Figure 6. Cosmo Sarson, Breakdancing Jesus, 2013

In the first century, early Christians were against portraits or likenesses of living things because, according to the Pentateuch, God had explicitly commanded, “Thou shalt not make unto thee any graven image, or any likeness of anything that is in heaven above, or that is in the earth beneath, or that is in the water under the earth.” They believed that to create a sculpture or a painting that looked like something on earth or in the heavens above was participating in the act of idolatry. The Early Christians were permissive of narrative content, and they were also permissive of symbols, but the focus of their hostility was towards the portrait. One of the earliest works depicting Christ is a narrative relief and appears on the sarcophagus of Roman leader Junius Bassus in 359 C.E. Scholars believe that Junius converted to Christianity shortly before his death, and the images of Jesus can be seen in the bottom center of Christ’s Entry into Jerusalem (fig. 7).

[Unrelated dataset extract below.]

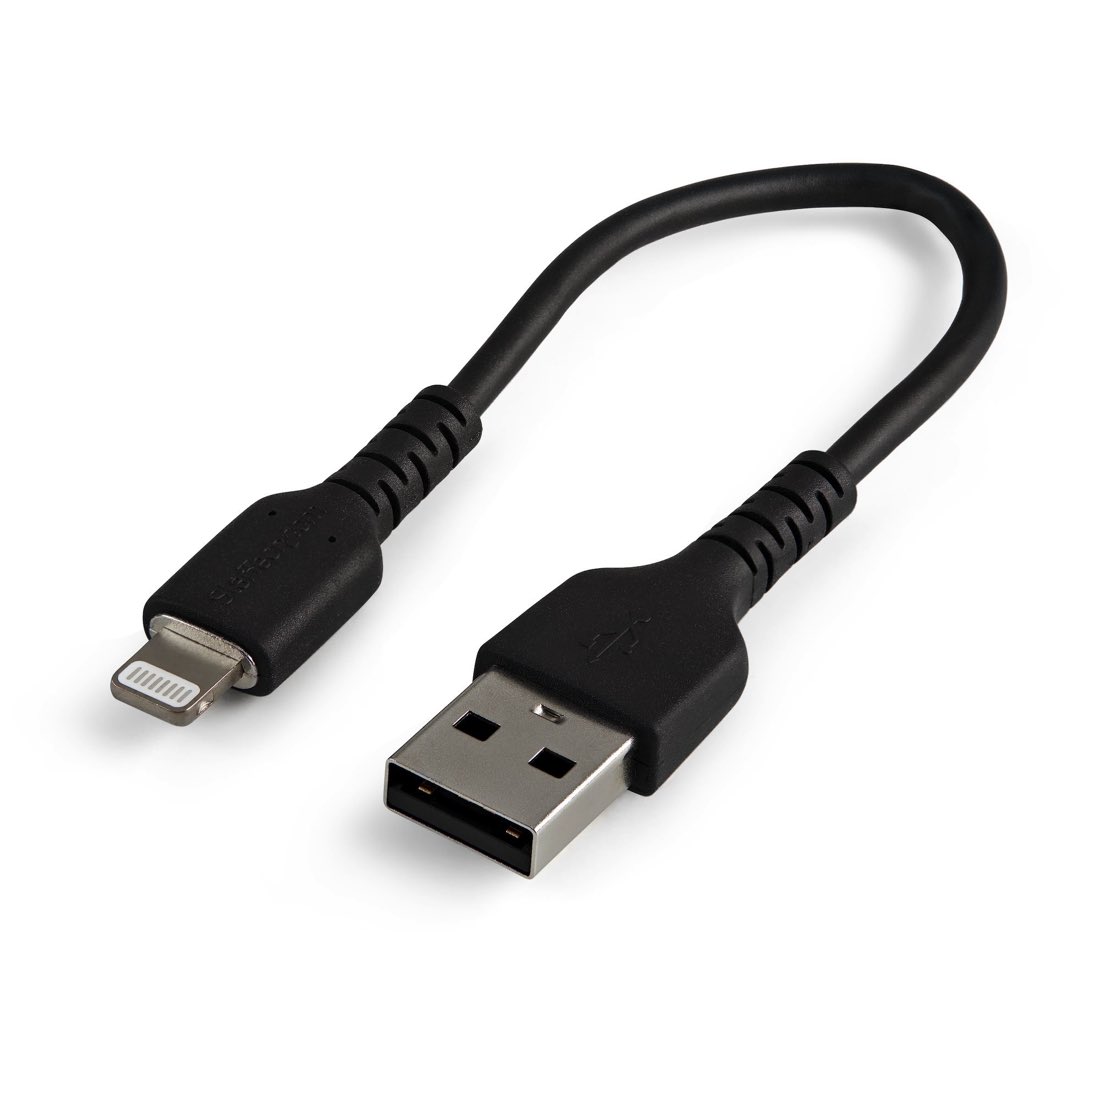 StarTech.com Cable Resistente USB-A a Lightning de 15 cm Negro - Cable de Sincronización y Carga USB Tipo A a Lightning con Fibra de Aramida

Tertullian, one of many early Christian authors, believed that “the Devil sent artists out into the world,” and Hippolytus echoed, “if a man is a sculptor or a painter, then he should be exhorted not to make idols. If he does not abstain…he is to be expelled.” Clement of Alexandria warned people of the dangers of admiring art and implored them not to be “captivated by art as if it were the truth itself.” Clement also went on to declare that earthly images could not compare to the virtuosity and holiness of God the Creator, meaning that any attempt at recreating God or the earth he created would be offensive and blasphemous. Towards the end of the fourth century, Asterius of Amasia exhorted not to paint Christ, stating “sufficient for Him is the degradation of becoming a man, to which He voluntarily subjected Himself for our sake.” With these sentiments from the Early Church, it comes as less of a surprise that some the first century images created of Jesus Christ were not used for worship but were instead created outside of the church as a portrait which depicted a famous man and was often displayed beside other notable philosophers of the time. In these portraits, the holiness Christ and the perceived offense of this ministry was removed, since his image assumed the role of a musing philosopher. 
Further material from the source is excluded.